During a series of public hearings this year, Montreal police representatives described the Taser -a stun gun that can deliver a 50,000-volt charge -as "an intermediate weapon" that would be used as an alternative to a firearm.
But the police representatives also noted that the device could be used to bring incidents involving heavily disturbed individuals to a quick conclusion -even when police use of a firearm is not necessarily the only alternative.
The committee's recommendation, which is scheduled to be tabled next week during a meeting of Montreal's agglomeration council, will seek to have the protocols for Taser use by police mirror those already in place for firearms -that the officer's life, or the lives of bystanders, be at risk.
The protocol would also allow a Taser to be used if the life of the suspect is at risk -police intervening in a suicide attempt, for example.
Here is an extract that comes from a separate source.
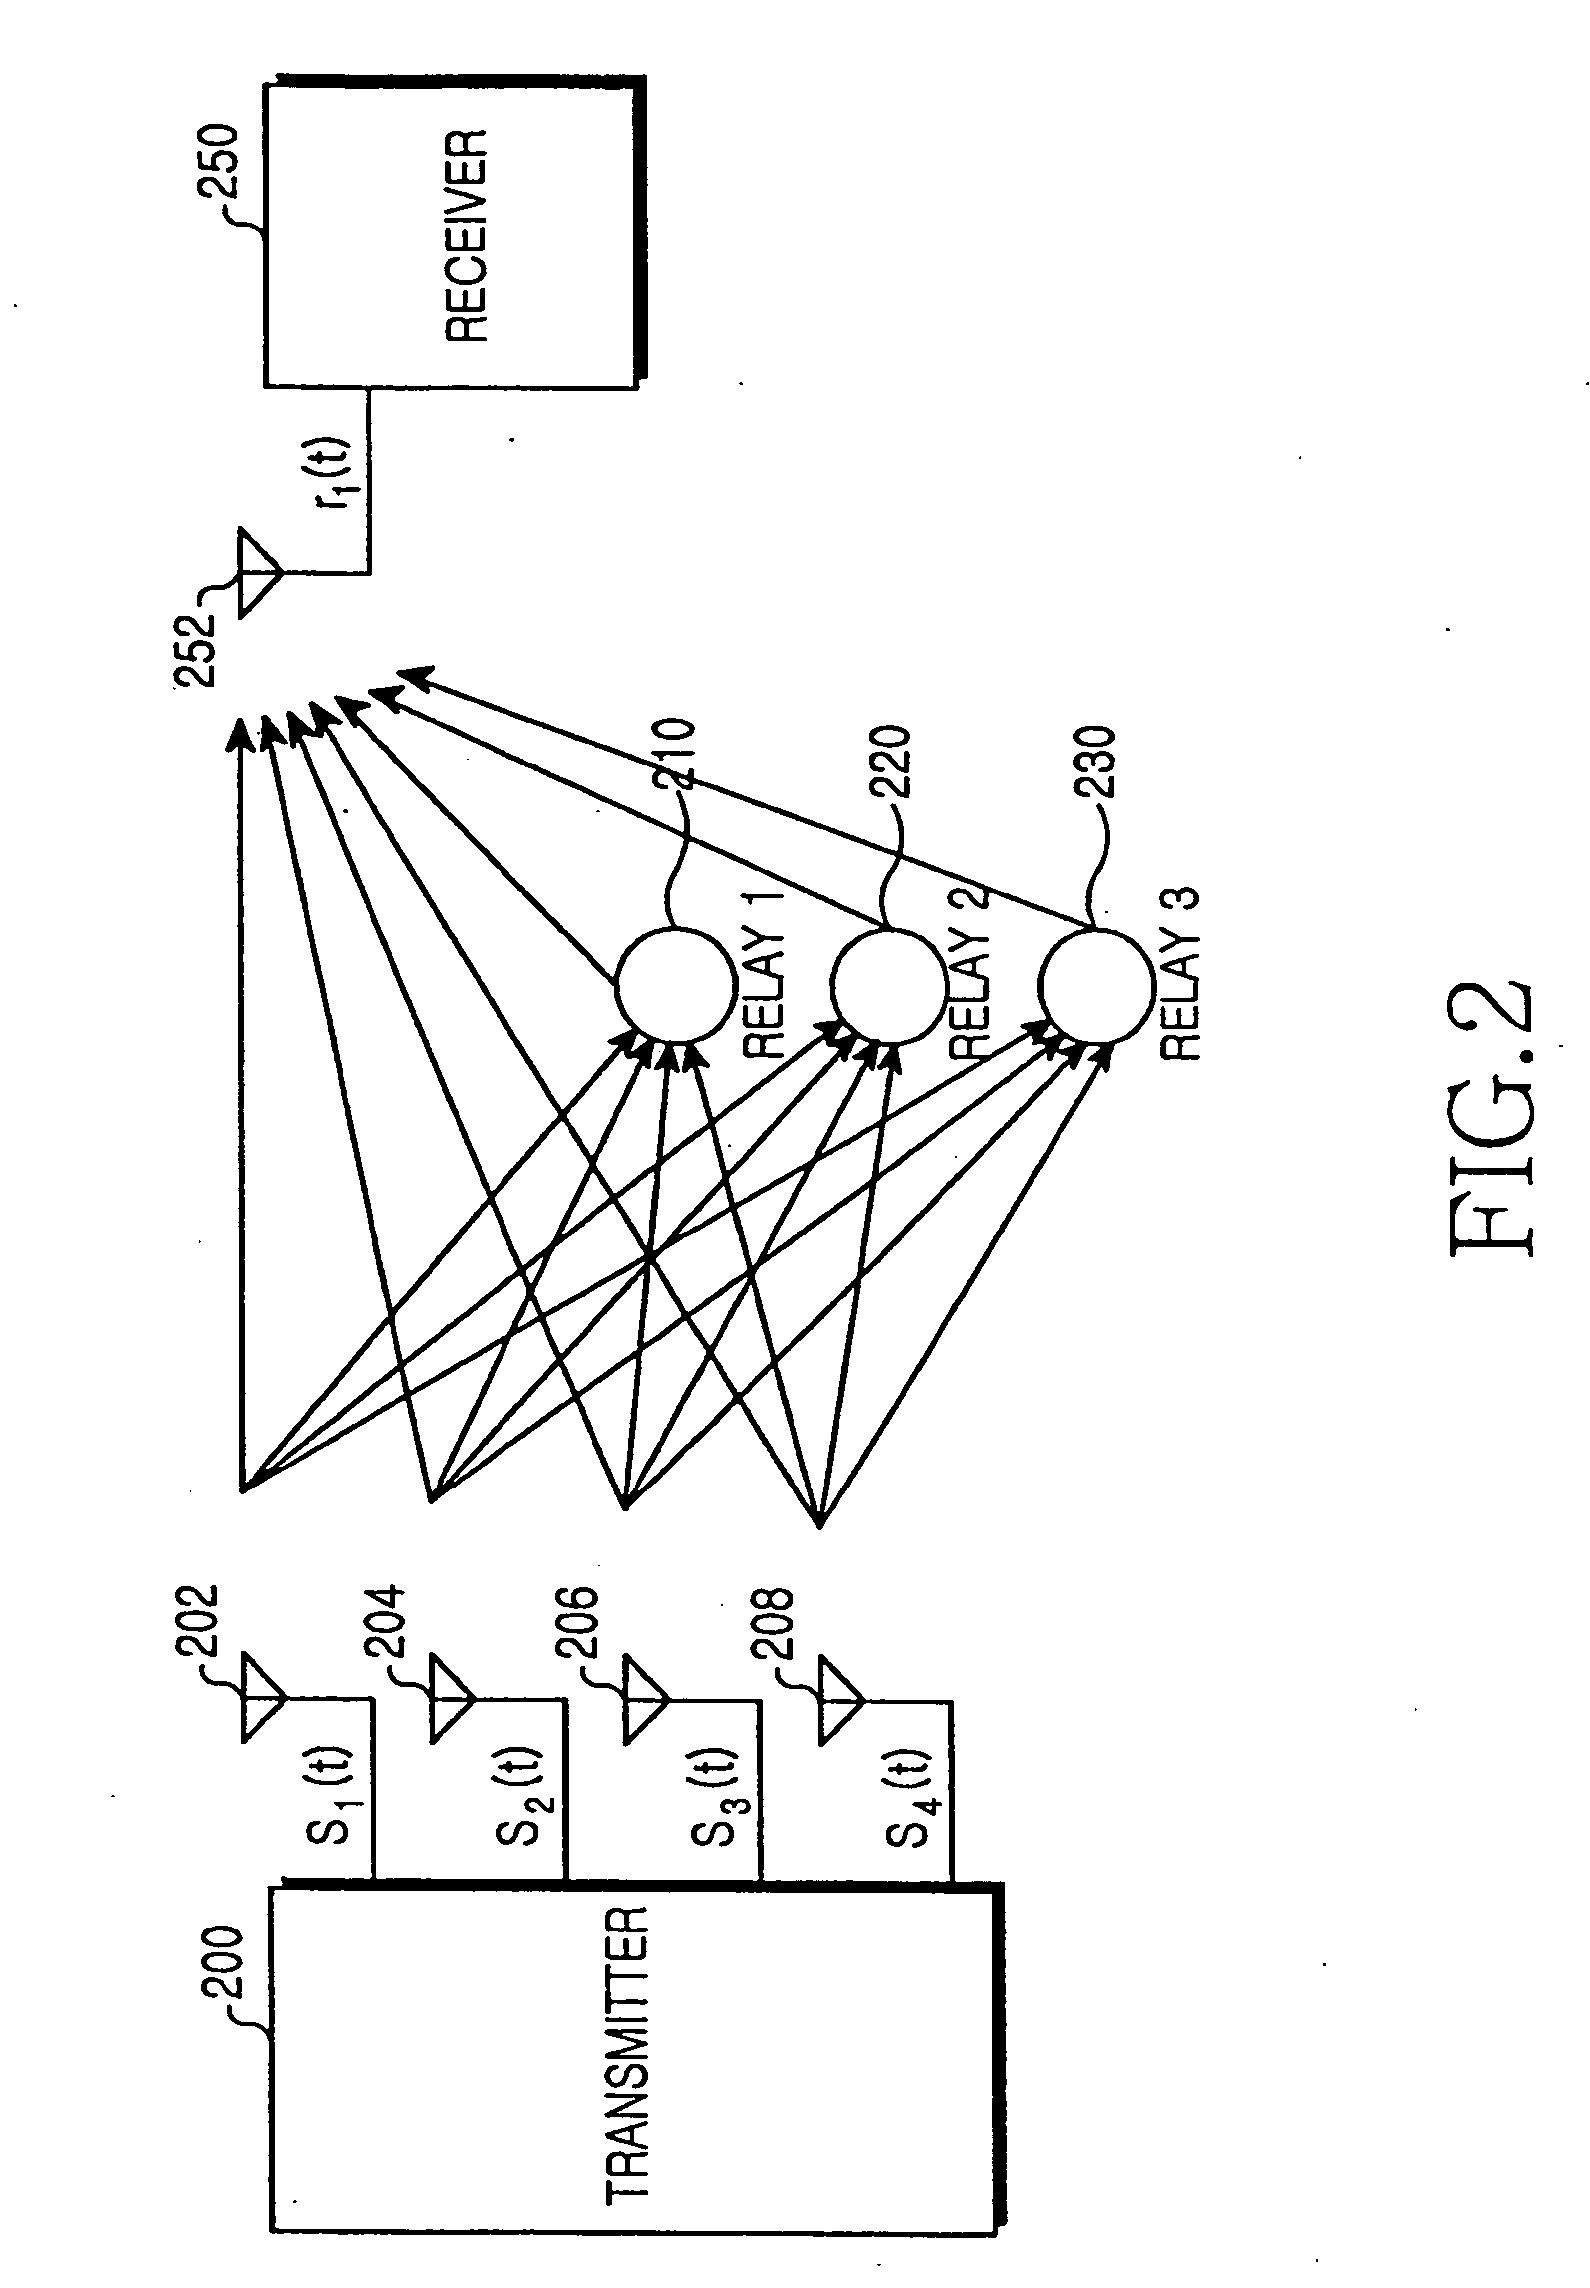 Apparatus and method for high-speed data communication in a mobile communication system with a plurality of transmitting and receiving antennas

The recommendation also calls for a Taser, once drawn, to be used only once on a suspect, and for the public security committee to be notified of any technological or training changes that might affect the Montreal police department's use of the device.
The report will also recommend that rather than using a Taser on mentally disturbed suspects, police call in support from someone trained to deal with individuals who have psychiatric problems.
Taser use by police has been under scrutiny in Montreal since the 2007 death of Quilem Registre, 38, four days after being tasered six times by police after he was stopped for a traffic violation. Coroner Catherine Rudel-Tessier concluded that while cocaine and alcohol in Registre's system might have contributed it to his death, it was "difficult to believe (the taserings) played no role."
The hearings heard that about 100 Montreal police officers are trained to use the 17 Tasers in the department. Montreal police discharged Tasers during 11 incidents in 2009, and they drew them from their holsters without using them another seven times.
Police statistics show Tasers were fired 11 times and drawn as a threat three more times in 2008; fired 23 times and used as a threat 10 times in 2007; fired 17 times and used as a threat 11 times in 2006.
During the three years after their introduction in 2001, Montreal police pulled out the stun gun 14 times.